J Exp Med. 2015 Aug 24;
Authors: Kreins AY, Ciancanelli MJ, Okada S, Kong XF, Ramírez-Alejo N, Kilic SS, El Baghdadi J, Nonoyama S, Mahdaviani SA, Ailal F, Bousfiha A, Mansouri D, Nievas E, Ma CS, Rao G, Bernasconi A, Sun Kuehn H, Niemela J, Stoddard J, Deveau P, Cobat A, El Azbaoui S, Sabri A, Lim CK, Sundin M, Avery DT, Halwani R, Grant AV, Boisson B, Bogunovic D, Itan Y, Moncada-Velez M, Martinez-Barricarte R, Migaud M, Deswarte C, Alsina L, Kotlarz D, Klein C, Muller-Fleckenstein I, Fleckenstein B, Cormier-Daire V, Rose-John S, Picard C, Hammarstrom L, Puel A, Al-Muhsen S, Abel L, Chaussabel D, Rosenzweig SD, Minegishi Y, Tangye SG, Bustamante J, Casanova JL, Boisson-Dupuis S
Abstract
Autosomal recessive, complete TYK2 deficiency was previously described in a patient (P1) with intracellular bacterial and viral infections and features of hyper-IgE syndrome (HIES), including atopic dermatitis, high serum IgE levels, and staphylococcal abscesses. We identified seven other TYK2-deficient patients from five families and four different ethnic groups. These patients were homozygous for one of five null mutations, different from that seen in P1. They displayed mycobacterial and/or viral infections, but no HIES. All eight TYK2-deficient patients displayed impaired but not abolished cellular responses to (a) IL-12 and IFN-α/β, accounting for mycobacterial and viral infections, respectively; (b) IL-23, with normal proportions of circulating IL-17(+) T cells, accounting for their apparent lack of mucocutaneous candidiasis; and (c) IL-10, with no overt clinical consequences, including a lack of inflammatory bowel disease. Cellular responses to IL-21, IL-27, IFN-γ, IL-28/29 (IFN-λ), and leukemia inhibitory factor (LIF) were normal.
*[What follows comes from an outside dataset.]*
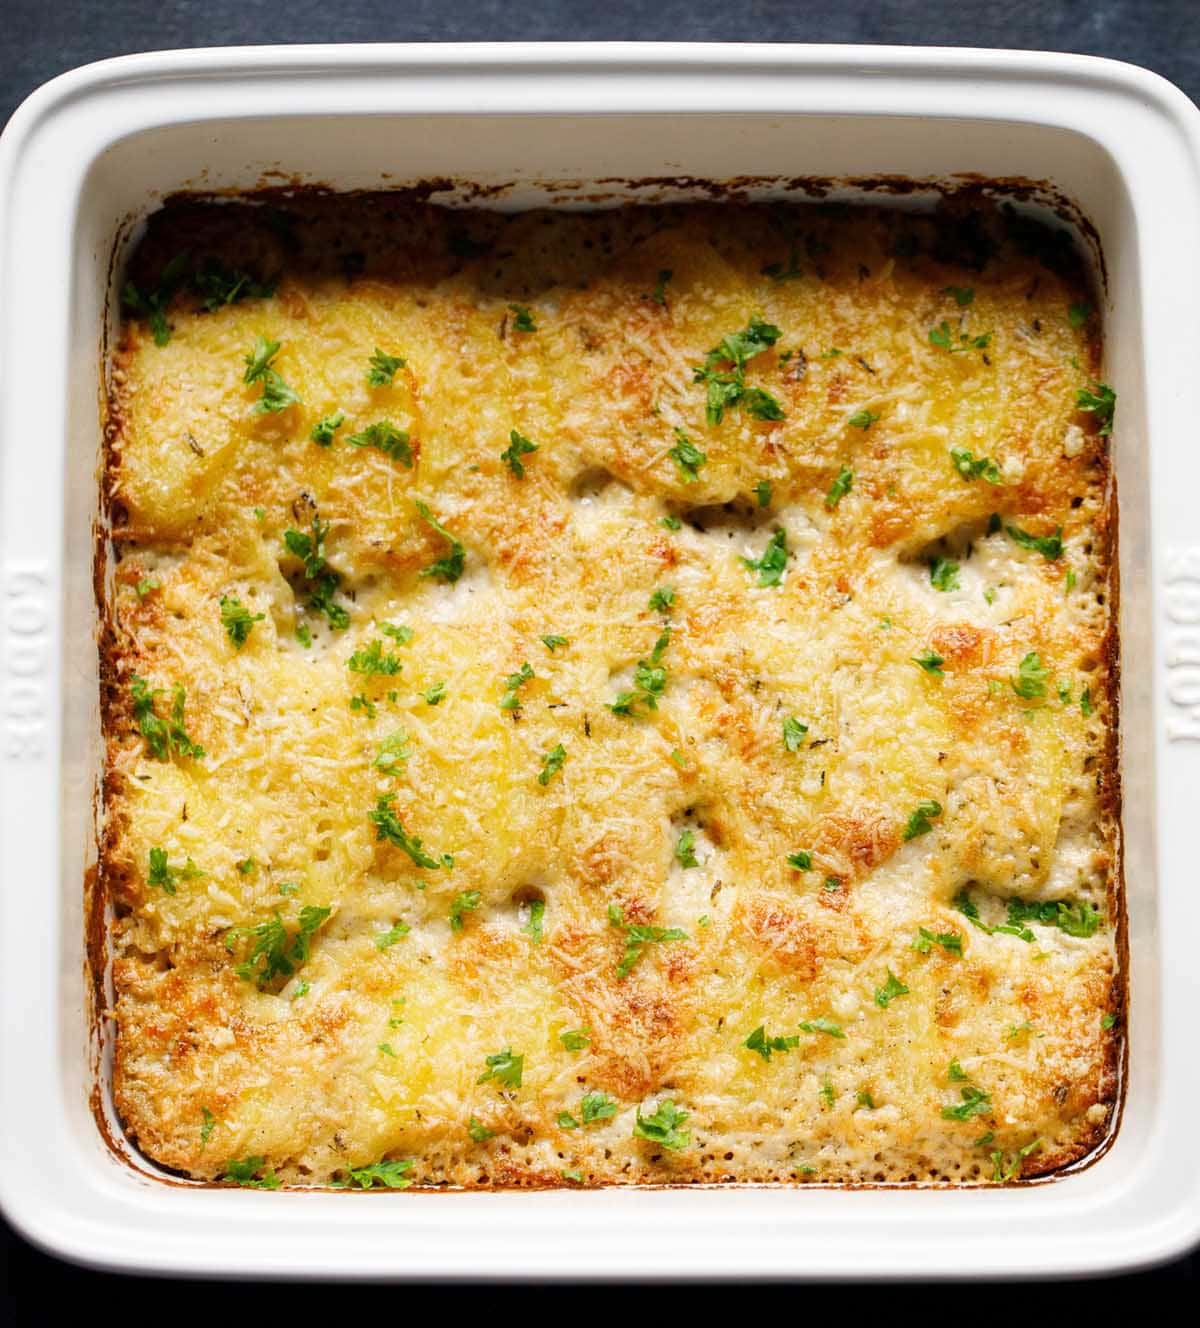 baked potato gratin garnished with parsley in a white baking pan.

The leukocytes and fibroblasts of all seven newly identified TYK2-deficient patients, unlike those of P1, responded normally to IL-6, possibly accounting for the lack of HIES in these patients. The expression of exogenous wild-type TYK2 or the silencing of endogenous TYK2 did not rescue IL-6 hyporesponsiveness, suggesting that this phenotype was not a consequence of the TYK2 genotype. The core clinical phenotype of TYK2 deficiency is mycobacterial and/or viral infections, caused by impaired responses to IL-12 and IFN-α/β. Moreover, impaired IL-6 responses and HIES do not appear to be intrinsic features of TYK2 deficiency in humans.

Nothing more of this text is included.